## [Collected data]
....

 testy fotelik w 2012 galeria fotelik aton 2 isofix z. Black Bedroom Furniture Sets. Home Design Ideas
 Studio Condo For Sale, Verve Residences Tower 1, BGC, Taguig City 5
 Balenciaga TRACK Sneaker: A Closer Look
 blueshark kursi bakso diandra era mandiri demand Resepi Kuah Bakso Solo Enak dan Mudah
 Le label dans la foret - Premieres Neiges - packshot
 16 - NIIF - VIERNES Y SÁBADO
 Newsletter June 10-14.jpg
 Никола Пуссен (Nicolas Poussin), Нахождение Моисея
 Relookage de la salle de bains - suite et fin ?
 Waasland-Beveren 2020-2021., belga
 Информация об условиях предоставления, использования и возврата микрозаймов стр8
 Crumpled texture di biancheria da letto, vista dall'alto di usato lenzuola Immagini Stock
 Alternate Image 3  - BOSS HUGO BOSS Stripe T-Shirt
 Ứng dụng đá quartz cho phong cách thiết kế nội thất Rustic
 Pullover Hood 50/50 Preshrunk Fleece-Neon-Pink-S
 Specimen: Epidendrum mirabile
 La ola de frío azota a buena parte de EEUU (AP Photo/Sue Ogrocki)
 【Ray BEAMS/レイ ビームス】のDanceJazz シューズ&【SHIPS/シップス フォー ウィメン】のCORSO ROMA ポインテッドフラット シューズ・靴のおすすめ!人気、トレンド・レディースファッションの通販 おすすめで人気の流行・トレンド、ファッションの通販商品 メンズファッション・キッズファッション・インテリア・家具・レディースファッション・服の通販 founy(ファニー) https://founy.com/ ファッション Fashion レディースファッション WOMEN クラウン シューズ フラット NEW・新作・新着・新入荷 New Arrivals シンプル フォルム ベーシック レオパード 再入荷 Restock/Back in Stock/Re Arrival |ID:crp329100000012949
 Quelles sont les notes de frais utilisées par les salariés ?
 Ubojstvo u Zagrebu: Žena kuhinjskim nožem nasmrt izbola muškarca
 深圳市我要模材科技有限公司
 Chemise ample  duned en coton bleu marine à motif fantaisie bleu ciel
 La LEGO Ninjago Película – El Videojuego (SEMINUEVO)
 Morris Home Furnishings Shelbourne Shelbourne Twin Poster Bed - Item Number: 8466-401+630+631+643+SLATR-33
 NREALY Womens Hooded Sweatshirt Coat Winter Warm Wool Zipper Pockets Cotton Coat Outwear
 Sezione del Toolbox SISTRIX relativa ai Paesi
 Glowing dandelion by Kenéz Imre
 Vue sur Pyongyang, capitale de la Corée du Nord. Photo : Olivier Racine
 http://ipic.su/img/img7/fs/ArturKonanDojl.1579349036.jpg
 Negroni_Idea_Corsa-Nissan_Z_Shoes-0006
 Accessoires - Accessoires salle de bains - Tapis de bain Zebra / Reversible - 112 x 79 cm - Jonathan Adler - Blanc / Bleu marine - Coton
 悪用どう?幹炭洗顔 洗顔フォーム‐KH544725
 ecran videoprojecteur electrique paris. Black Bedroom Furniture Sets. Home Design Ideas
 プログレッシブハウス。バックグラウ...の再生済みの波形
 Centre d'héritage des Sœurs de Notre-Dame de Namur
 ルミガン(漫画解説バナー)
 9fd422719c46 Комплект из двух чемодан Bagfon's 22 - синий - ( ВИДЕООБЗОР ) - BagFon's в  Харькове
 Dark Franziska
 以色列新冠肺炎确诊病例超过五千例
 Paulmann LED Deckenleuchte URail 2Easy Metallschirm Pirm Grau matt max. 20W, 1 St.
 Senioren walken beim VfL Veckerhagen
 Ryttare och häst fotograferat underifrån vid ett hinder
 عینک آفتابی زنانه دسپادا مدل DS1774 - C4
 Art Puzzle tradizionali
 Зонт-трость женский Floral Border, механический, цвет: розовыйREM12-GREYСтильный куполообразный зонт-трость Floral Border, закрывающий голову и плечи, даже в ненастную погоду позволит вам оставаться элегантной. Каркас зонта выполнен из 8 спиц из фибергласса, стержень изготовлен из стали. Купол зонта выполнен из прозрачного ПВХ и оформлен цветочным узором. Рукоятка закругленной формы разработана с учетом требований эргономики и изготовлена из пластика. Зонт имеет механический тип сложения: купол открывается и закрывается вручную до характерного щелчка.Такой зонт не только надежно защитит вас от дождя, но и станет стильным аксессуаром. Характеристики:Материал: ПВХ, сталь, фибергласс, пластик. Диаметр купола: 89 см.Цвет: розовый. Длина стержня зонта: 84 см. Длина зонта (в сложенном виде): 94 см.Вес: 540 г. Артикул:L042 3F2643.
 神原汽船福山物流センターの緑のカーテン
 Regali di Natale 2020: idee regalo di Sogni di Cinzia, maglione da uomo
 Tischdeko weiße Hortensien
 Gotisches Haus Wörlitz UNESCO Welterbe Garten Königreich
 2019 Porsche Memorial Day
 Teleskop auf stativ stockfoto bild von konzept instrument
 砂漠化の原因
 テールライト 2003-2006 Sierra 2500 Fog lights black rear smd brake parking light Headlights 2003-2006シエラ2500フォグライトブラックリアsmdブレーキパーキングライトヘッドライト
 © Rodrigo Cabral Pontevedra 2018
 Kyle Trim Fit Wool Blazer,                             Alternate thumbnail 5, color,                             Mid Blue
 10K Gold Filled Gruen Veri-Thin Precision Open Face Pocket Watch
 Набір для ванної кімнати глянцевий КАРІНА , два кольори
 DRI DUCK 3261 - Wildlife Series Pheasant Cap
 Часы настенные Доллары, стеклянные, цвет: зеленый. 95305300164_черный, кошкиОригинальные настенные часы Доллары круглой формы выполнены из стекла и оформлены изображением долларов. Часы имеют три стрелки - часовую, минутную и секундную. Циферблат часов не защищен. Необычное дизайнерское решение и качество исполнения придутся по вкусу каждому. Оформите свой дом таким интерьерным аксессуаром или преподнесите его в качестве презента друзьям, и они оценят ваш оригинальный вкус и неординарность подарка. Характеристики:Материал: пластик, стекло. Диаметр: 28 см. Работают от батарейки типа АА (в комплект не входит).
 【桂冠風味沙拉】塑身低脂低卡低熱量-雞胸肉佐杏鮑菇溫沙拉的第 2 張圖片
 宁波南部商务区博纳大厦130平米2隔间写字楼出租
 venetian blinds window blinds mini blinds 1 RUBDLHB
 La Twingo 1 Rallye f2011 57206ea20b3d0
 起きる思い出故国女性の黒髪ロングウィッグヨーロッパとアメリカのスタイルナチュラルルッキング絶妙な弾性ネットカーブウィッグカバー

....

## [TRY IT]
Without altering a single word, transcribe the entries above.

## [WRITTEN SOLUTION]
 testy fotelik w 2012 galeria fotelik aton 2 isofix z. Black Bedroom Furniture Sets. Home Design Ideas
 Studio Condo For Sale, Verve Residences Tower 1, BGC, Taguig City 5
 Balenciaga TRACK Sneaker: A Closer Look
 blueshark kursi bakso diandra era mandiri demand Resepi Kuah Bakso Solo Enak dan Mudah
 Le label dans la foret - Premieres Neiges - packshot
 16 - NIIF - VIERNES Y SÁBADO
 Newsletter June 10-14.jpg
 Никола Пуссен (Nicolas Poussin), Нахождение Моисея
 Relookage de la salle de bains - suite et fin ?
 Waasland-Beveren 2020-2021., belga
 Информация об условиях предоставления, использования и возврата микрозаймов стр8
 Crumpled texture di biancheria da letto, vista dall'alto di usato lenzuola Immagini Stock
 Alternate Image 3  - BOSS HUGO BOSS Stripe T-Shirt
 Ứng dụng đá quartz cho phong cách thiết kế nội thất Rustic
 Pullover Hood 50/50 Preshrunk Fleece-Neon-Pink-S
 Specimen: Epidendrum mirabile
 La ola de frío azota a buena parte de EEUU (AP Photo/Sue Ogrocki)
 【Ray BEAMS/レイ ビームス】のDanceJazz シューズ&【SHIPS/シップス フォー ウィメン】のCORSO ROMA ポインテッドフラット シューズ・靴のおすすめ!人気、トレンド・レディースファッションの通販 おすすめで人気の流行・トレンド、ファッションの通販商品 メンズファッション・キッズファッション・インテリア・家具・レディースファッション・服の通販 founy(ファニー) https://founy.com/ ファッション Fashion レディースファッション WOMEN クラウン シューズ フラット NEW・新作・新着・新入荷 New Arrivals シンプル フォルム ベーシック レオパード 再入荷 Restock/Back in Stock/Re Arrival |ID:crp329100000012949
 Quelles sont les notes de frais utilisées par les salariés ?
 Ubojstvo u Zagrebu: Žena kuhinjskim nožem nasmrt izbola muškarca
 深圳市我要模材科技有限公司
 Chemise ample  duned en coton bleu marine à motif fantaisie bleu ciel
 La LEGO Ninjago Película – El Videojuego (SEMINUEVO)
 Morris Home Furnishings Shelbourne Shelbourne Twin Poster Bed - Item Number: 8466-401+630+631+643+SLATR-33
 NREALY Womens Hooded Sweatshirt Coat Winter Warm Wool Zipper Pockets Cotton Coat Outwear
 Sezione del Toolbox SISTRIX relativa ai Paesi
 Glowing dandelion by Kenéz Imre
 Vue sur Pyongyang, capitale de la Corée du Nord. Photo : Olivier Racine
 http://ipic.su/img/img7/fs/ArturKonanDojl.1579349036.jpg
 Negroni_Idea_Corsa-Nissan_Z_Shoes-0006
 Accessoires - Accessoires salle de bains - Tapis de bain Zebra / Reversible - 112 x 79 cm - Jonathan Adler - Blanc / Bleu marine - Coton
 悪用どう?幹炭洗顔 洗顔フォーム‐KH544725
 ecran videoprojecteur electrique paris. Black Bedroom Furniture Sets. Home Design Ideas
 プログレッシブハウス。バックグラウ...の再生済みの波形
 Centre d'héritage des Sœurs de Notre-Dame de Namur
 ルミガン(漫画解説バナー)
 9fd422719c46 Комплект из двух чемодан Bagfon's 22 - синий - ( ВИДЕООБЗОР ) - BagFon's в  Харькове
 Dark Franziska
 以色列新冠肺炎确诊病例超过五千例
 Paulmann LED Deckenleuchte URail 2Easy Metallschirm Pirm Grau matt max. 20W, 1 St.
 Senioren walken beim VfL Veckerhagen
 Ryttare och häst fotograferat underifrån vid ett hinder
 عینک آفتابی زنانه دسپادا مدل DS1774 - C4
 Art Puzzle tradizionali
 Зонт-трость женский Floral Border, механический, цвет: розовыйREM12-GREYСтильный куполообразный зонт-трость Floral Border, закрывающий голову и плечи, даже в ненастную погоду позволит вам оставаться элегантной. Каркас зонта выполнен из 8 спиц из фибергласса, стержень изготовлен из стали. Купол зонта выполнен из прозрачного ПВХ и оформлен цветочным узором. Рукоятка закругленной формы разработана с учетом требований эргономики и изготовлена из пластика. Зонт имеет механический тип сложения: купол открывается и закрывается вручную до характерного щелчка.Такой зонт не только надежно защитит вас от дождя, но и станет стильным аксессуаром. Характеристики:Материал: ПВХ, сталь, фибергласс, пластик. Диаметр купола: 89 см.Цвет: розовый. Длина стержня зонта: 84 см. Длина зонта (в сложенном виде): 94 см.Вес: 540 г. Артикул:L042 3F2643.
 神原汽船福山物流センターの緑のカーテン
 Regali di Natale 2020: idee regalo di Sogni di Cinzia, maglione da uomo
 Tischdeko weiße Hortensien
 Gotisches Haus Wörlitz UNESCO Welterbe Garten Königreich
 2019 Porsche Memorial Day
 Teleskop auf stativ stockfoto bild von konzept instrument
 砂漠化の原因
 テールライト 2003-2006 Sierra 2500 Fog lights black rear smd brake parking light Headlights 2003-2006シエラ2500フォグライトブラックリアsmdブレーキパーキングライトヘッドライト
 © Rodrigo Cabral Pontevedra 2018
 Kyle Trim Fit Wool Blazer,                             Alternate thumbnail 5, color,                             Mid Blue
 10K Gold Filled Gruen Veri-Thin Precision Open Face Pocket Watch
 Набір для ванної кімнати глянцевий КАРІНА , два кольори
 DRI DUCK 3261 - Wildlife Series Pheasant Cap
 Часы настенные Доллары, стеклянные, цвет: зеленый. 95305300164_черный, кошкиОригинальные настенные часы Доллары круглой формы выполнены из стекла и оформлены изображением долларов. Часы имеют три стрелки - часовую, минутную и секундную. Циферблат часов не защищен. Необычное дизайнерское решение и качество исполнения придутся по вкусу каждому. Оформите свой дом таким интерьерным аксессуаром или преподнесите его в качестве презента друзьям, и они оценят ваш оригинальный вкус и неординарность подарка. Характеристики:Материал: пластик, стекло. Диаметр: 28 см. Работают от батарейки типа АА (в комплект не входит).
 【桂冠風味沙拉】塑身低脂低卡低熱量-雞胸肉佐杏鮑菇溫沙拉的第 2 張圖片
 宁波南部商务区博纳大厦130平米2隔间写字楼出租
 venetian blinds window blinds mini blinds 1 RUBDLHB
 La Twingo 1 Rallye f2011 57206ea20b3d0
 起きる思い出故国女性の黒髪ロングウィッグヨーロッパとアメリカのスタイルナチュラルルッキング絶妙な弾性ネットカーブウィッグカバー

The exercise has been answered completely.